* [Assignment] Copy the listing exactly as given. Omit every picture.

* [Dataset content]
-------

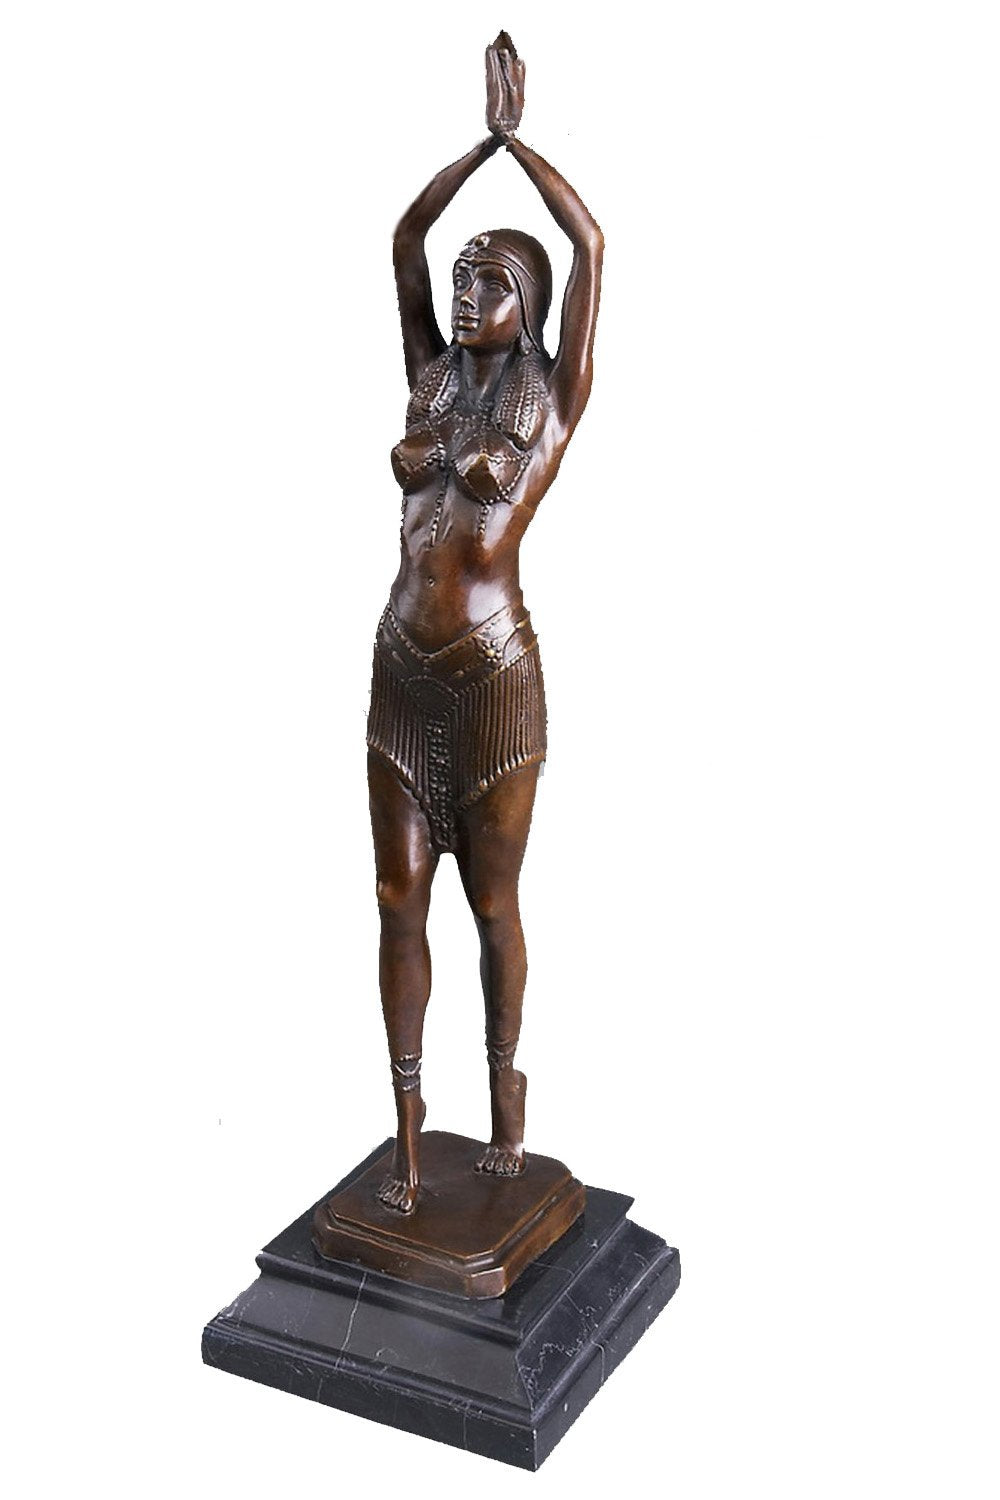 TPY-435 bronze sculpture
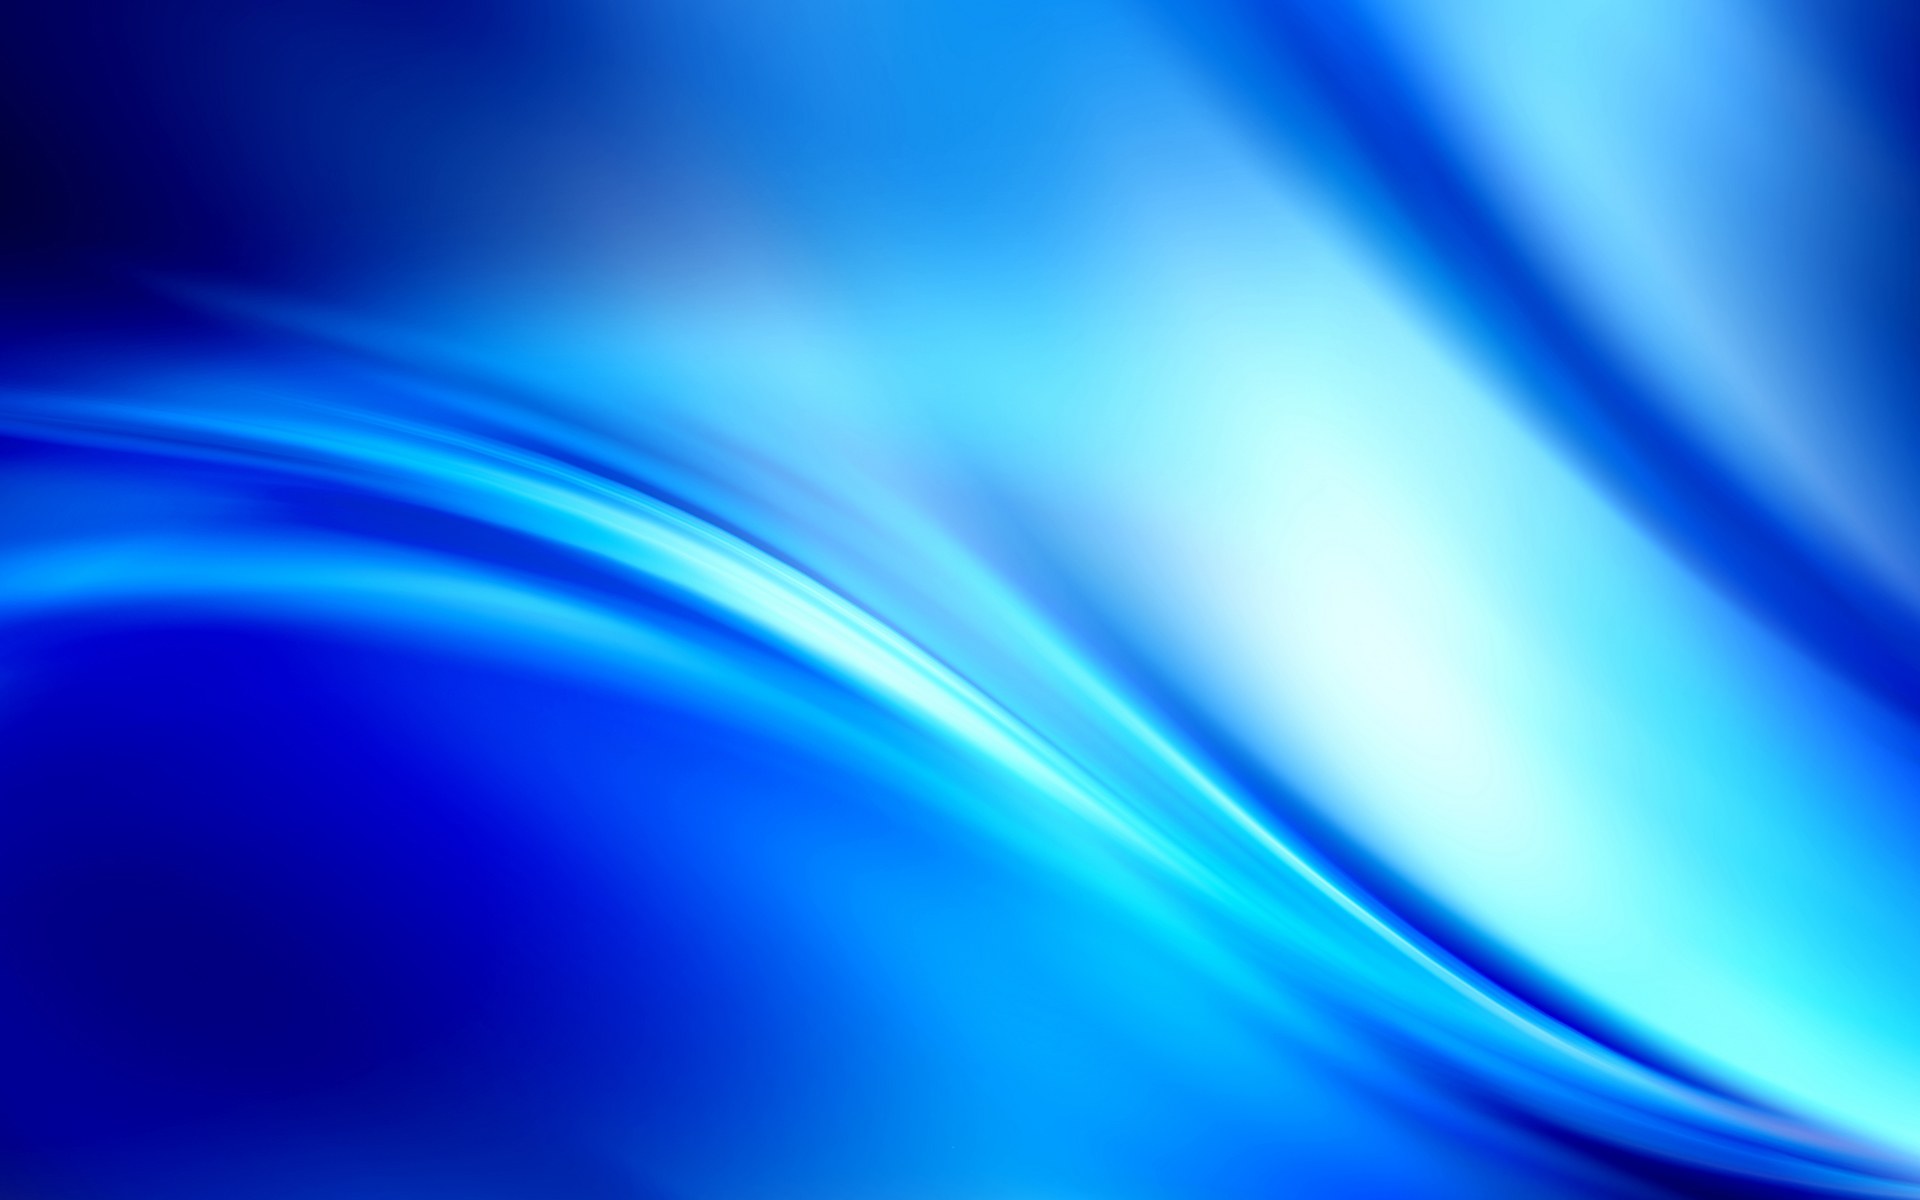 fond d'écran abstrait bleu,bleu,bleu électrique,aqua,bleu cobalt,lumière
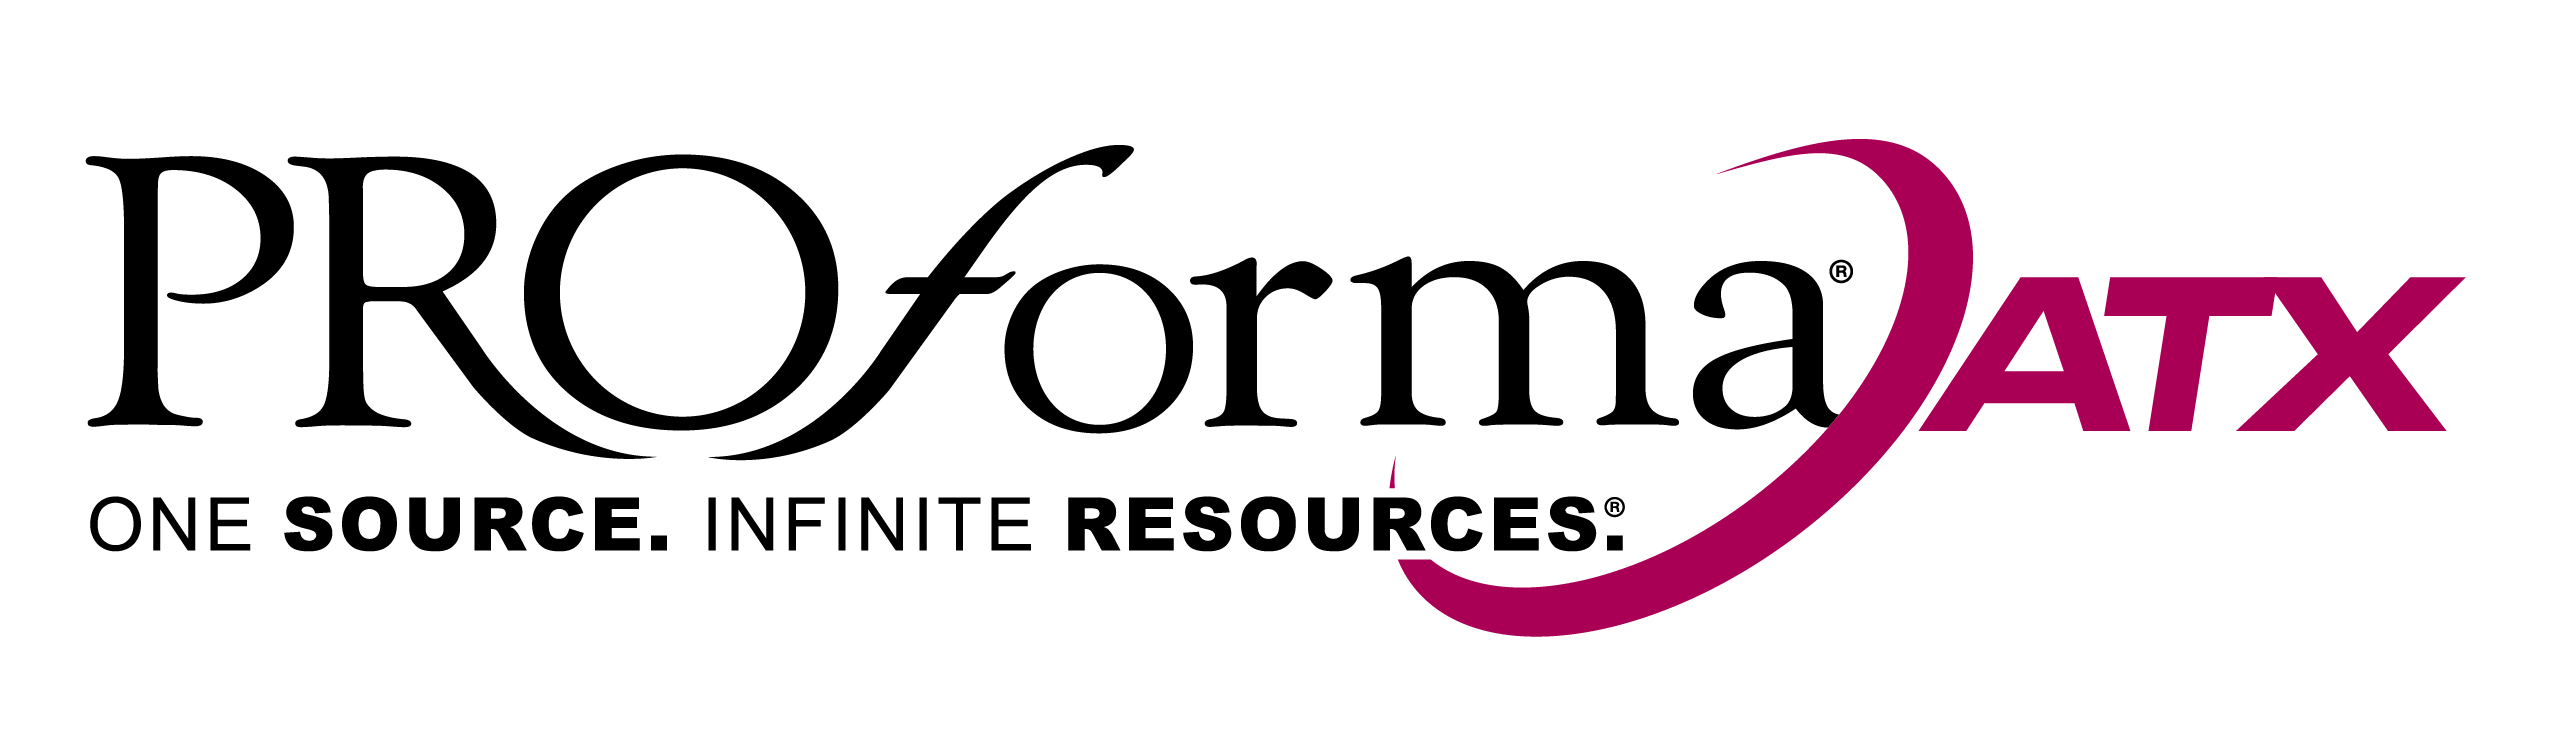 Proforma ATX's Logo

-------

* [Reply]
 TPY-435 bronze sculpture
 fond d'écran abstrait bleu,bleu,bleu électrique,aqua,bleu cobalt,lumière
 Proforma ATX's Logo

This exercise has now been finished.